Choose if a single model is enough or if a chain of techniques is needed.
- Example: You might combine classification with clustering in a workflow.
Tools like Alpine Miner can build model workflows visually and connect to Big Data systems (like PostgreSQL).

🔍 Learn from Industry Practices

Teams are encouraged to research how similar problems are solved in other industries. This can:

Inspire model selection
Suggest best practices for similar data and goals

📊 Table: Models Used by Industry

Industry	Techniques Used
Consumer Packaged Goods	Linear Regression, ARD (Automatic Relevance Determination), Decision Tree
Retail Banking	Multiple Regression
Retail Business	Logistic Regression, ARD, Decision Tree
Wireless Telecom	Neural Network, Decision Tree, Hierarchical Neurofuzzy Systems, Rule Evolver, Logistic Regression

This kind of benchmarking helps teams brainstorm which candidate models to test.

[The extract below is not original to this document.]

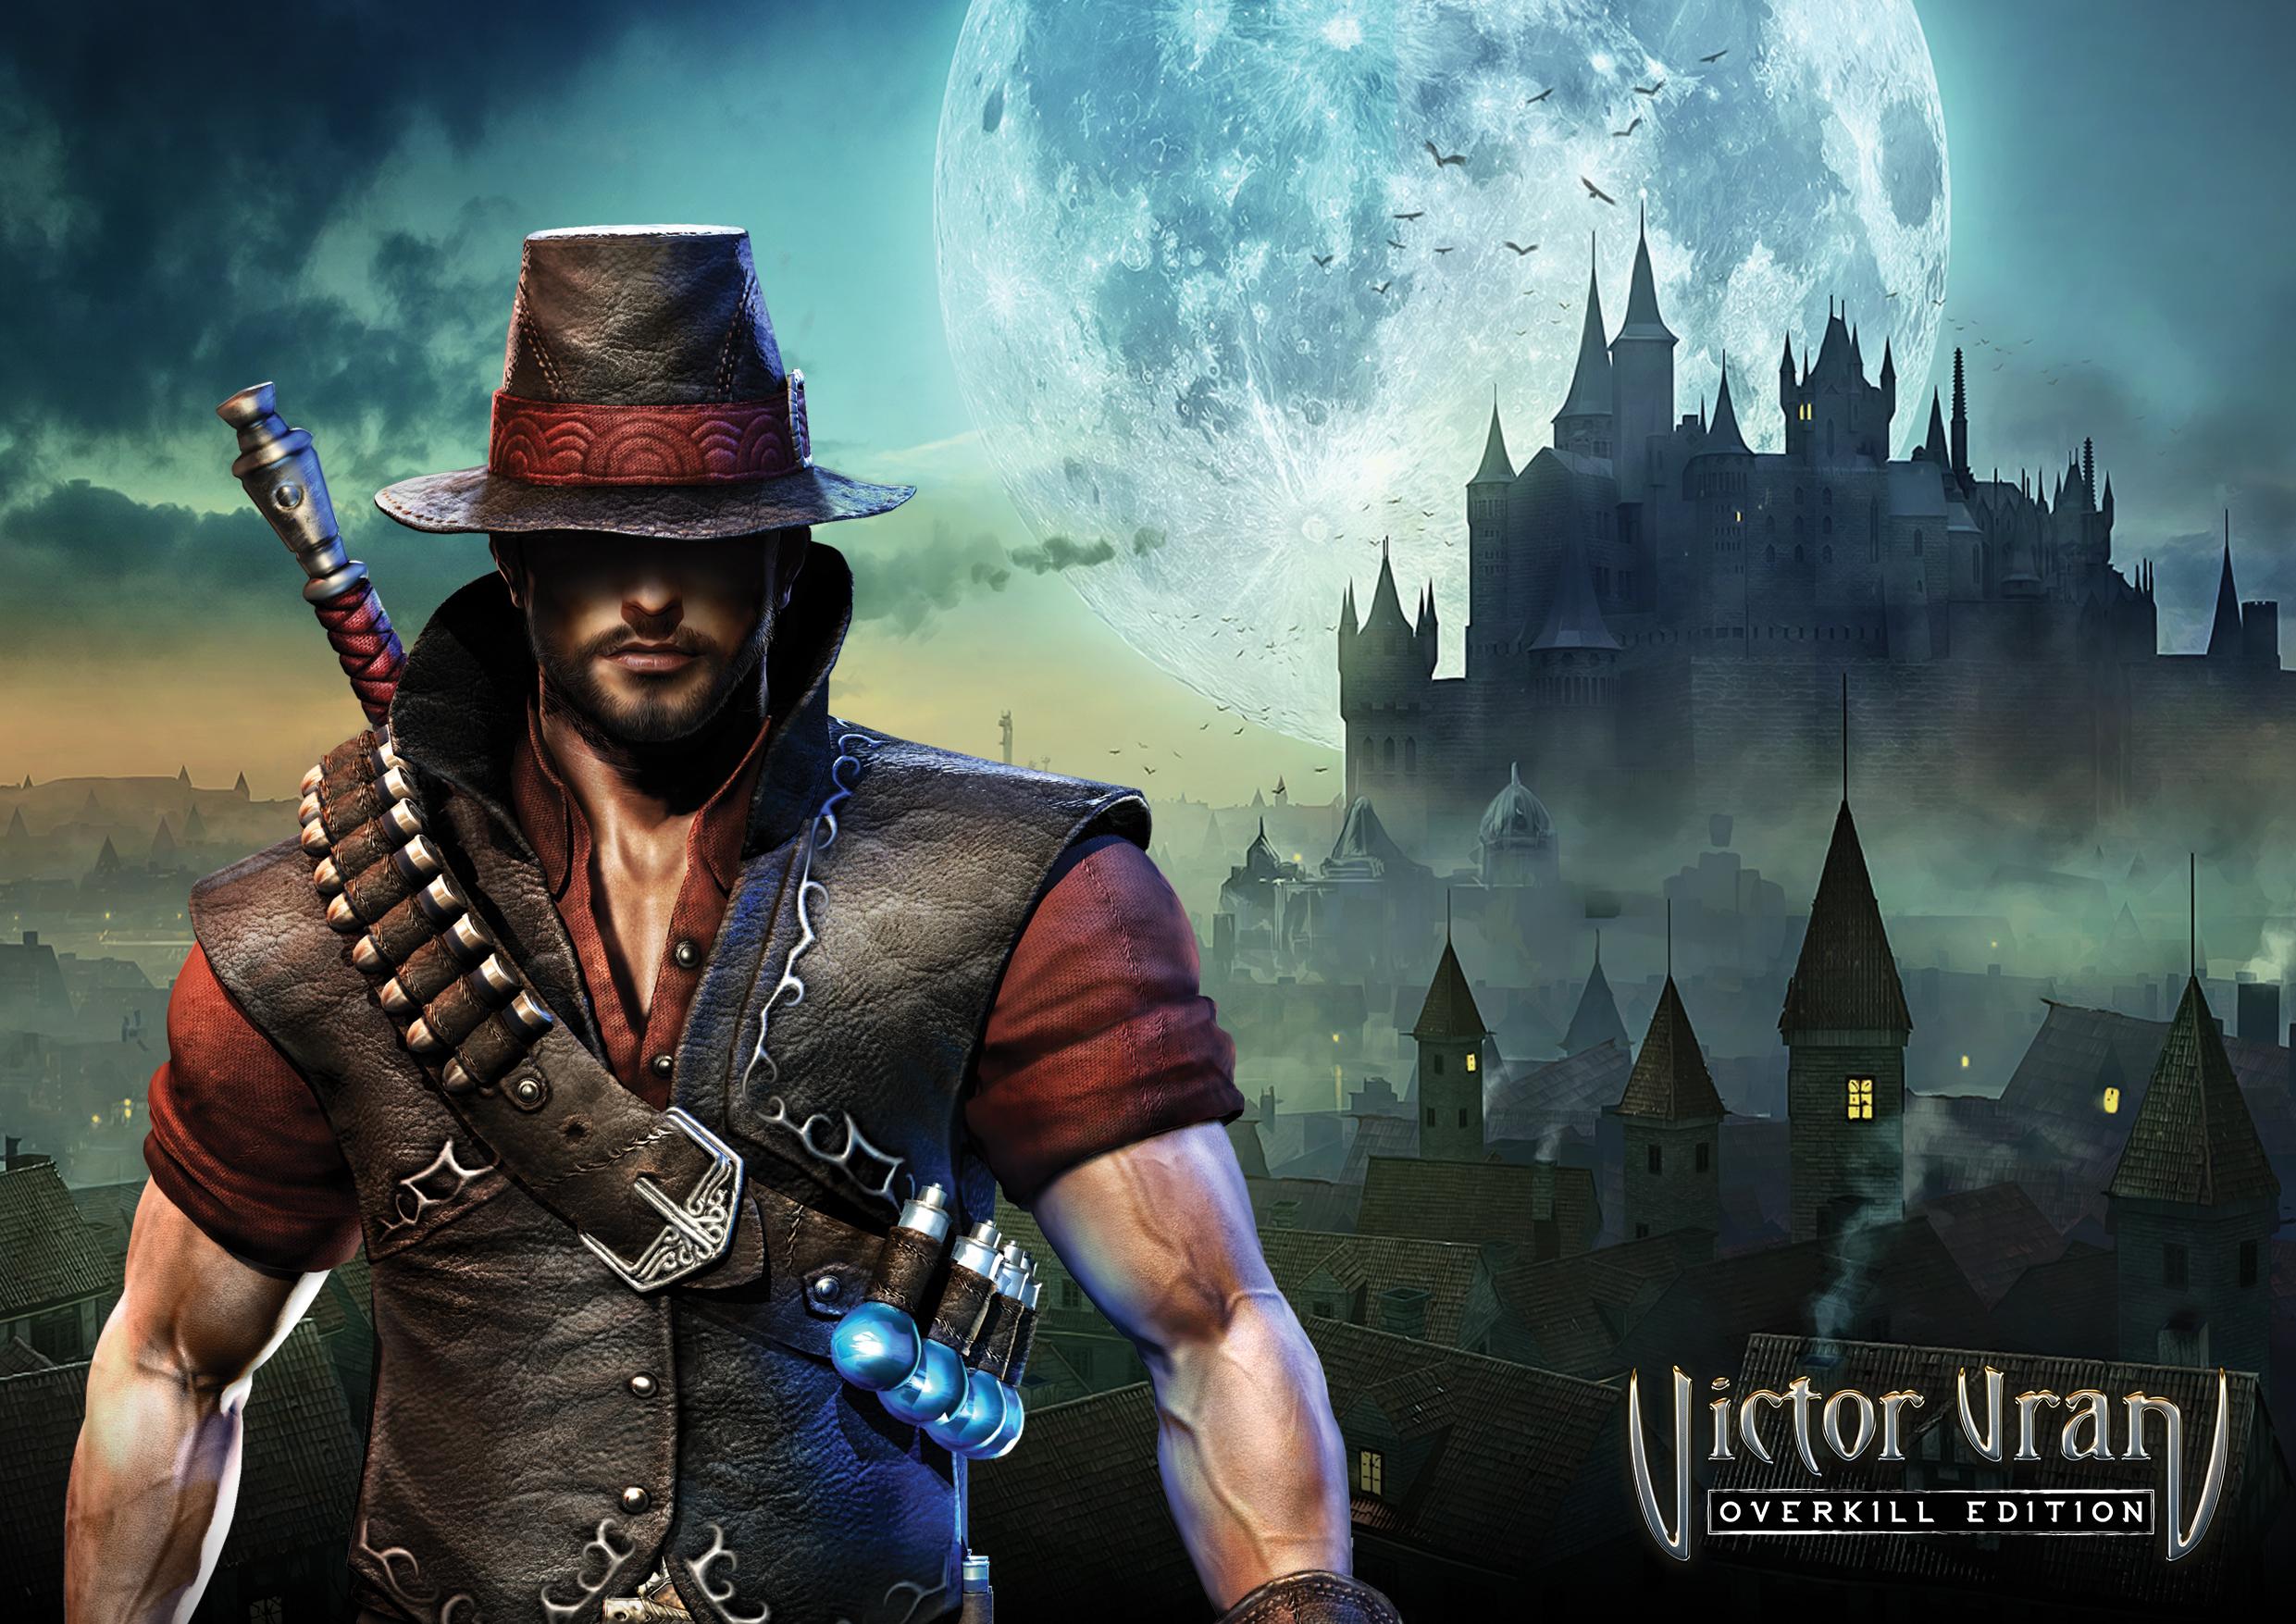 Victor Vran per Nintendo Switch è l'action RPG definitivo da giocare mobile, la recensione

🔎 2.4.1 – Data Exploration & Variable Selection

🧼 How It's Different from Phase 2

In Phase 2 (Data Prep), data exploration focused on data cleaning and quality.
In Phase 3, it’s about understanding relationships between variables to decide:
- Which variables to include
- Which methods to use

🛠 Tools Used

Visualizations (e.g., charts, heatmaps) help show variable relationships.
This high-level view guides smart variable selection and prepares for model testing.

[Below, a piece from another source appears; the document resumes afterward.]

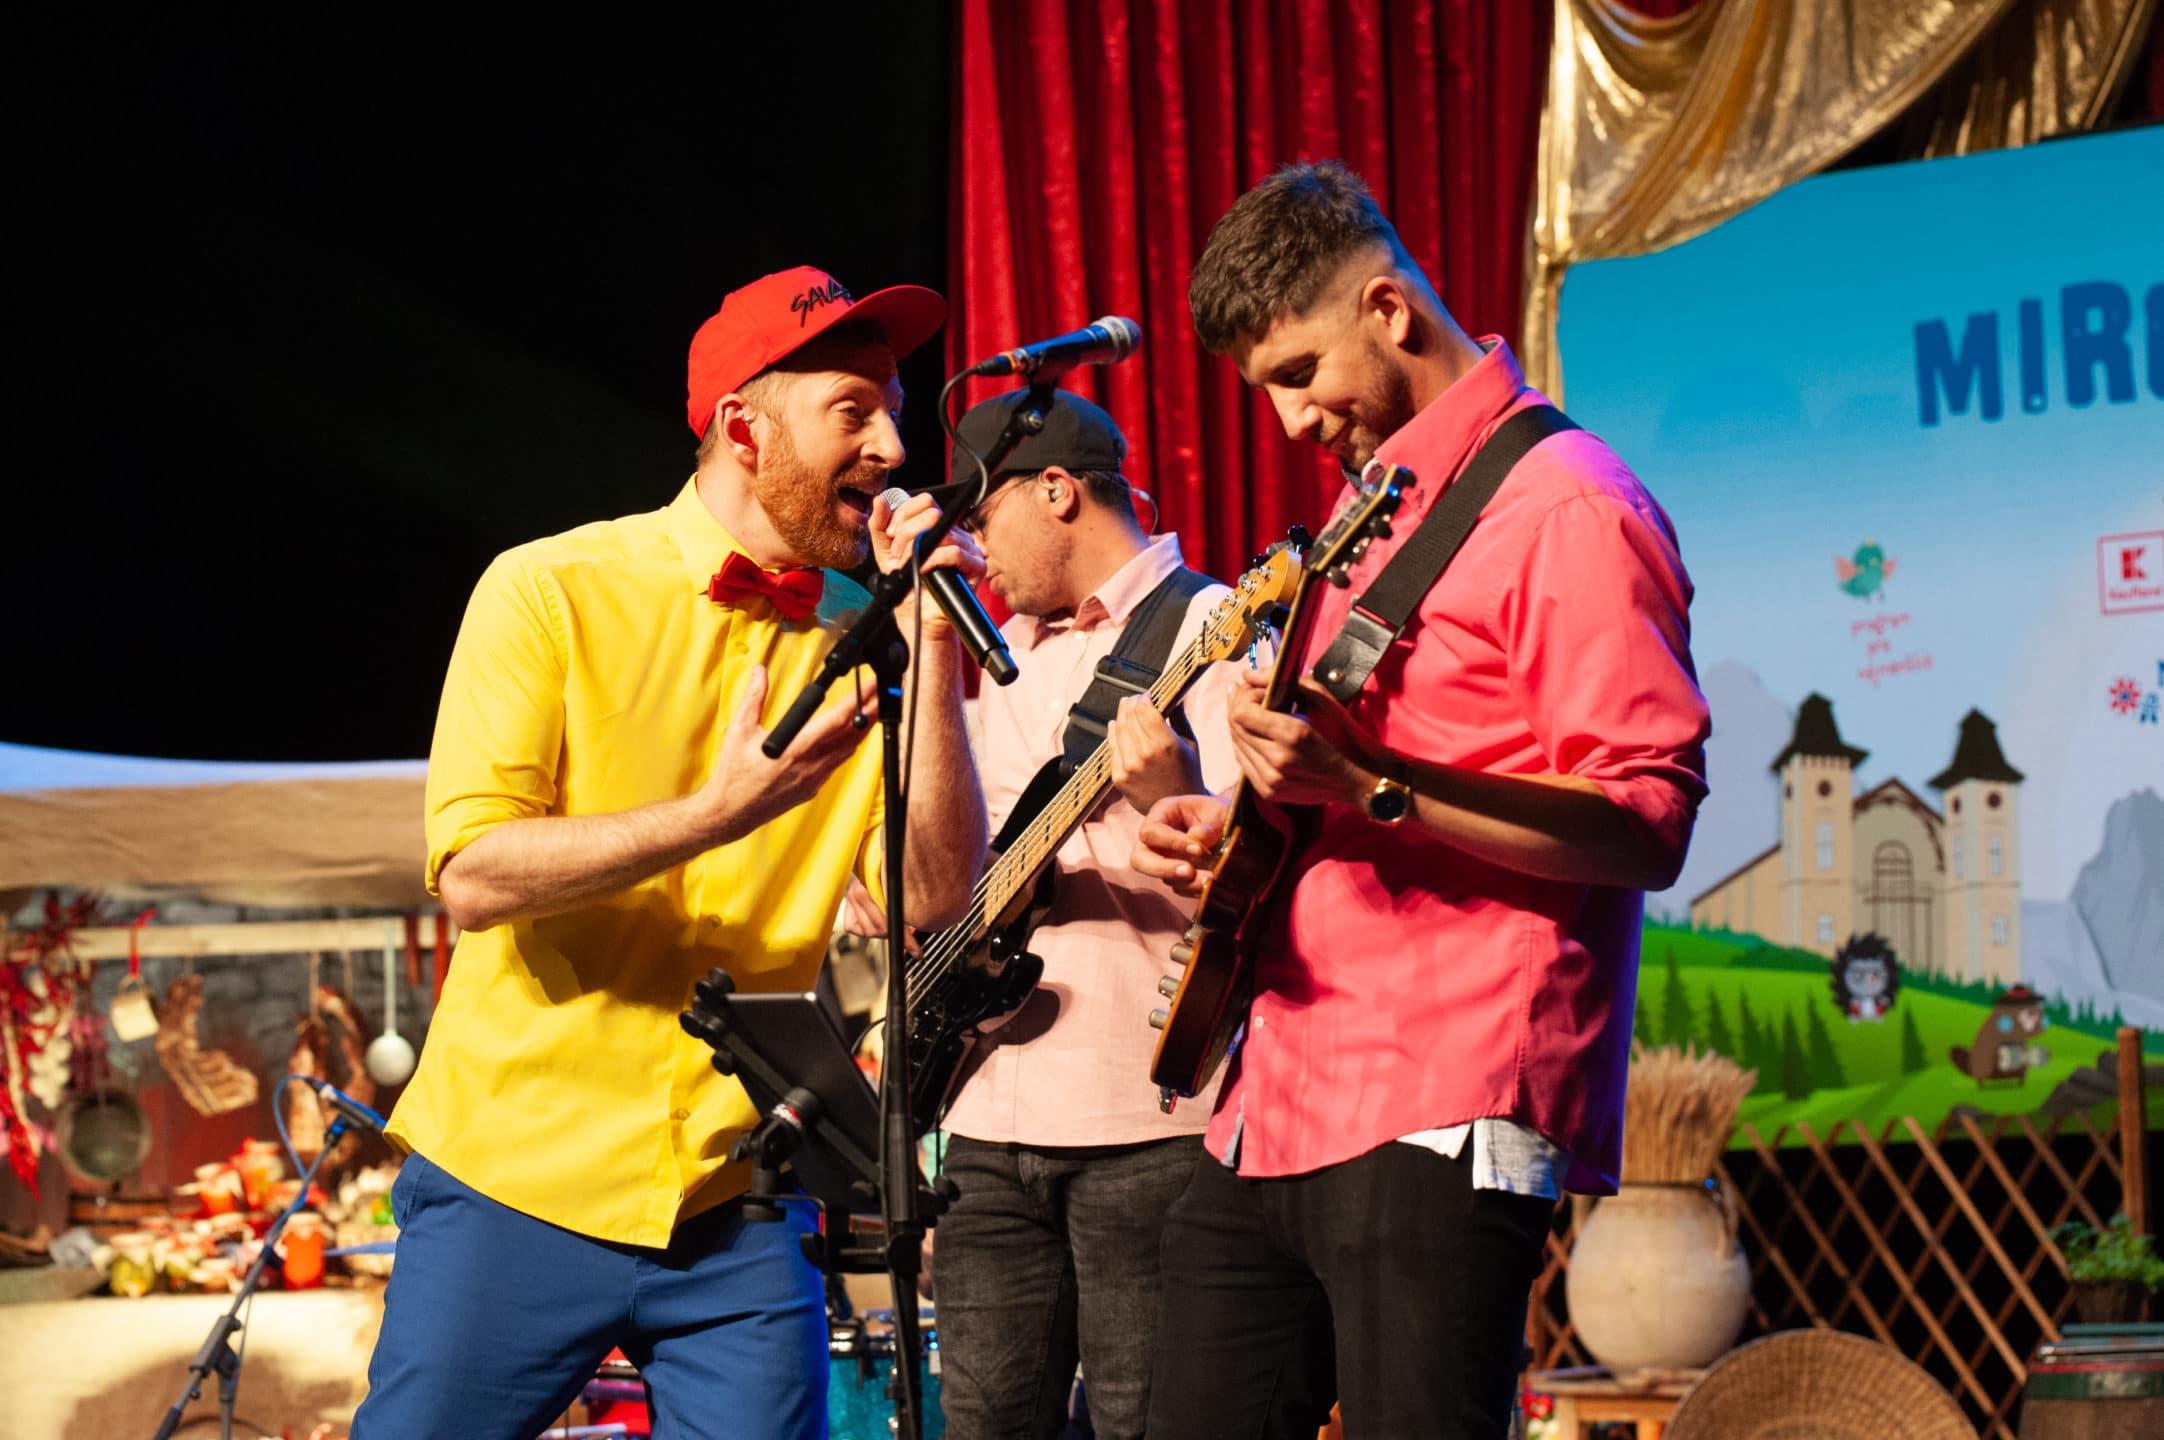 vystupenie Miro Jaros s kapelou v bratislave

💡 Stakeholder Input vs. Data Science

Stakeholders often have hunches or hypotheses.
- Some are right, some are wrong — sometimes for the wrong reasons.
Data scientists must:
- Validate those assumptions objectively
- Use unbiased data exploration to confirm or reject hypotheses
- Choose predictors (input variables) that correlate well with outcomes

⚠ Key Modeling Challenges

Multicollinearity: When predictors are too closely related to each other
Serial correlation: When data points are overly influenced by previous values

To deal with these:

Use variable transformations
Consider removing or combining inputs
Select modeling techniques that handle correlation better

🔑 Main Goal: Keep only the essential and influential variables — not everything someone thinks might be relevant. This often requires multiple iterations and testing.

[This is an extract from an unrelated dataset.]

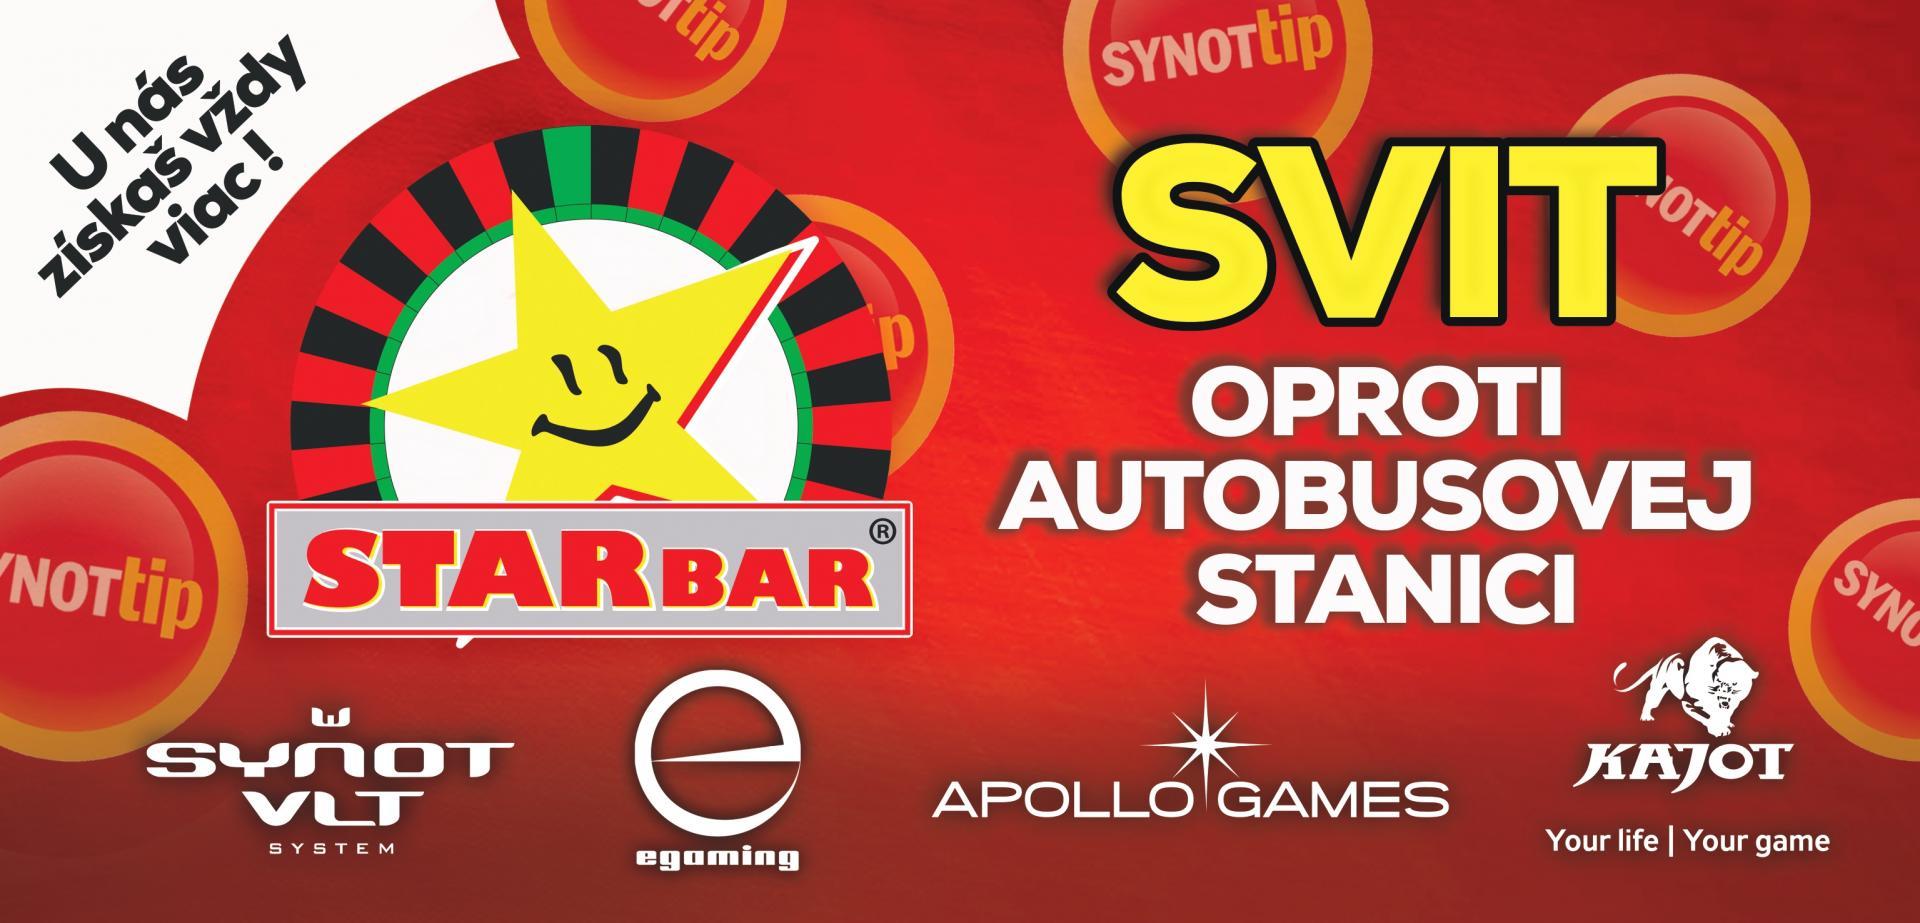 Starbar - u nás získaš vždy viac herňa Svit

🧠 If Using Regression Models:

Identify:
- Predictor variables (inputs)
- Outcome variables (targets)
Ensure predictors are tied to outcomes, not just correlated with each other.
Be ready to handle:
- Correlation-only models (e.g., black-box predictions)
- Causal models if explanatory power is required (e.g., forecasting or stress-testing)

🧠 2.4.2 – Model Selection

🔧 What Is a “Model”?

A model is an abstraction of reality: a simplified version of what’s happening in your data.
In data science, models follow a set of rules and conditions to:
- Classify items
- Predict outcomes
- Group (cluster) similar items
- Find associations or relationships

🎯 How to Choose:

Match the technique to the project’s end goal.
Choose from common model categories:
- Classification – Predict categories (e.g., churn or not)
- Clustering – Group similar entities
- Association Rules – Discover co-occurrence patterns
Narrow it down to a shortlist of viable candidates.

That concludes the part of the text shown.